Не имеет, нет, нашептывал здравый смысл.
Но сердце матери, в любви давшей жизнь ребенку, могло ли сердце примириться с этим?..
«Господи, — повторяла, как заклинание, Татьяна, — почему, зачем я жива?!»
Силы покидали ее, и мысли, точно сумеречные, лишенные резких очертаний тени, путались в голове, не находя разумного выхода из положения...
По нескольку раз на дню в палату заходила лечащий врач, сама потерявшая на войне мужа. Садилась возле кровати на табуретку, уговаривала Татьяну.
— Нельзя же так, милая. Нельзя!.. Пора возвращаться к полноценной жизни, а вы...
Она молчала, уставившись в потолок.
— Книжку бы взяли почитали. Ведь можете читать?..
Татьяна не отзывалась.
— Поверьте мне, милая. Я прекрасно понимаю вас... Ваше состояние не из легких, но вы же сильная, мужественная женщина! Почему вы не пишете писем?.. Хотите, я напишу, вы продиктуйте.
— У меня никого нет.
— Совсем никого? — сомневалась врач.
— Совсем.
— Не знаю, не знаю... Но если бы моя дочь...
— Оставьте, пожалуйста, меня.
— Хорошо, я ухожу. Тут пионеры пришли, наши шефы...

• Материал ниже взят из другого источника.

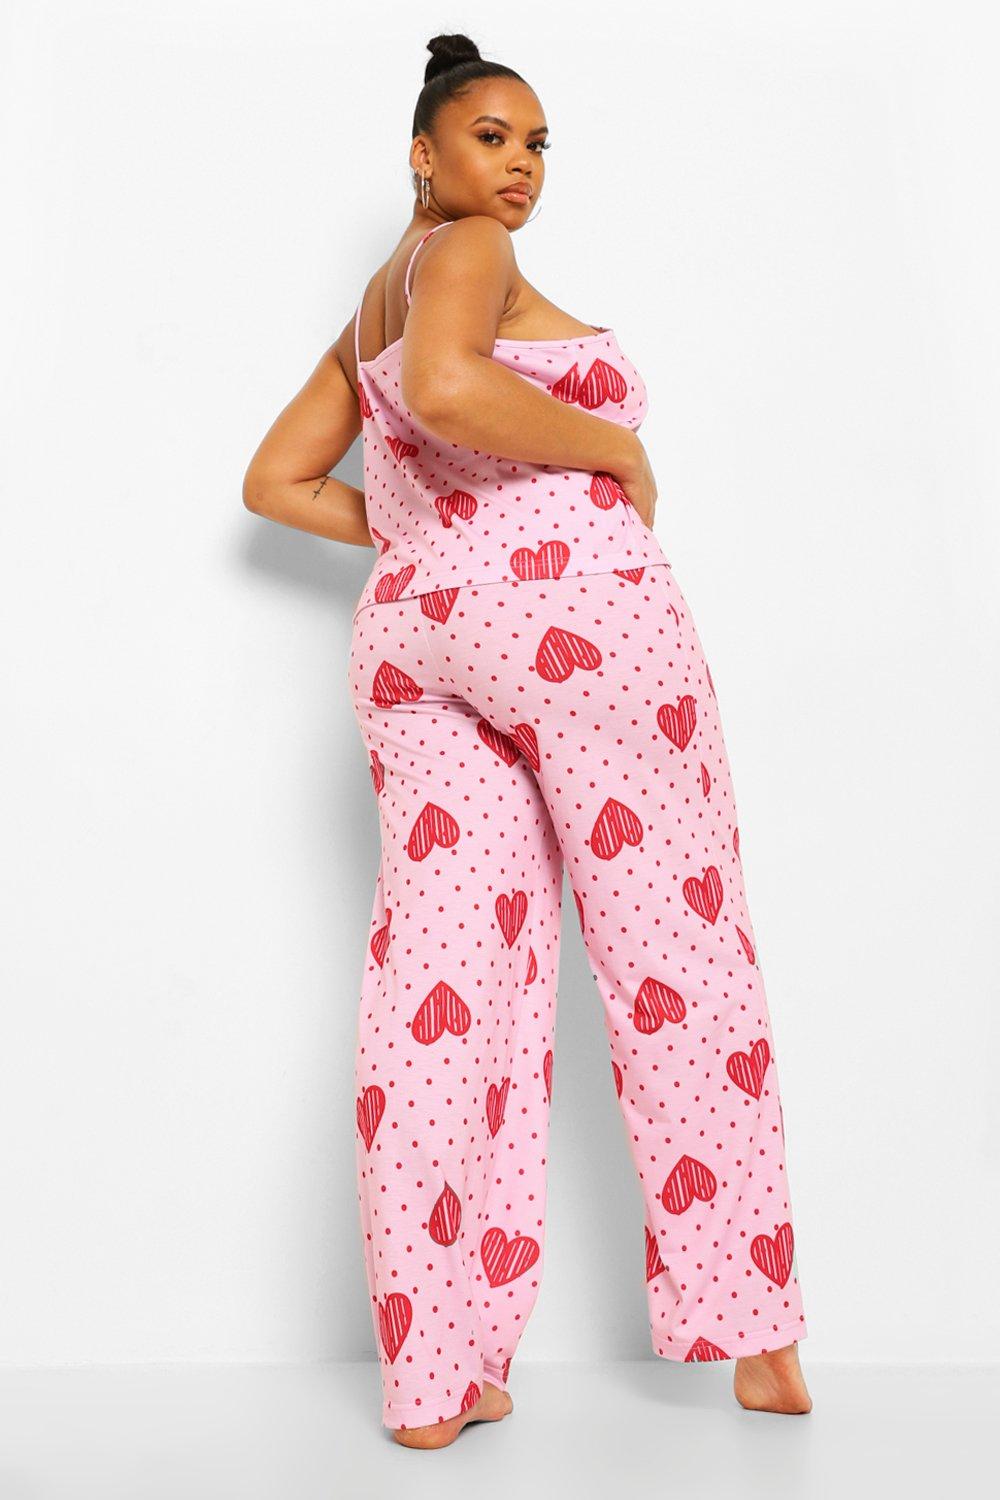 Women's 2 Piece Pajamas Set Heart Print Lace Cami Shorts Suit PJs

— Я никого не хочу видеть.
Единственное, что позволяла Татьяна, — приносить цветы. Бог знает, откуда они брались — стояла поздняя осень уже, — но цветов всегда в палате было много, и оттого, должно быть, ей временами казалось, что она лежит в гробу. От этой дикой мысли — странно даже — делалось как-то спокойно, хорошо, потому что со смертью, думала Татьяна, решились бы сами собою все трудные вопросы, какие так или иначе, в. скором или далеком будущем, но решать предстояло ей. Впрочем, особенно далеко она не заглядывала. Мало ли что могло случиться завтра, послезавтра...
Однако и это не приносило облегчения.
Приходила бессонная ночь, слабая настольная лампа, стоявшая на тумбочке, мертвенным светом высвечивала маленькое окружие возле койки, отчего палата, вообще-то узкая и длинная, уменьшалась в размерах, делаясь как бы овальной, — углы оставались темными, таинственными, — и тогда вновь и вновь возвращались тягостные, мучительные мысли о будущем, в котором не было места для нее...
За окном, которое едва угадывалось в темноте, все чаще свирепствовал ветер, бросая в стекла потоки дождевой воды. Потом, как-то незаметно, дожди сменились снегом, увяли последние цветы — Татьяна не видела, когда их вынесли, — хоть и медленно, но затягивались, заживлялись раны на теле, утихала телесная боль, но по-прежнему ныла, оставаясь открытой и беззащитной, боль в душе...
Ну как, как она встретится с дочкой? Ведь мать, мама — всегда самая чистая, самая светлая и обязательно самая красивая на всем свете! Наташке третий год. Она и сейчас все понимает. У нее сложилось впечатление о маме. Ей же наверняка показывают фотокарточки и говорят: «Это твоя мама, посмотри!» Какое же страшное, ни с чем не сравнимое разочарование должна будет пережить дочка, когда увидит маму хромую, с изуродованным осколками лицом, не имеющим ничего общего с тем красивым, молодым лицом с фотокарточек!..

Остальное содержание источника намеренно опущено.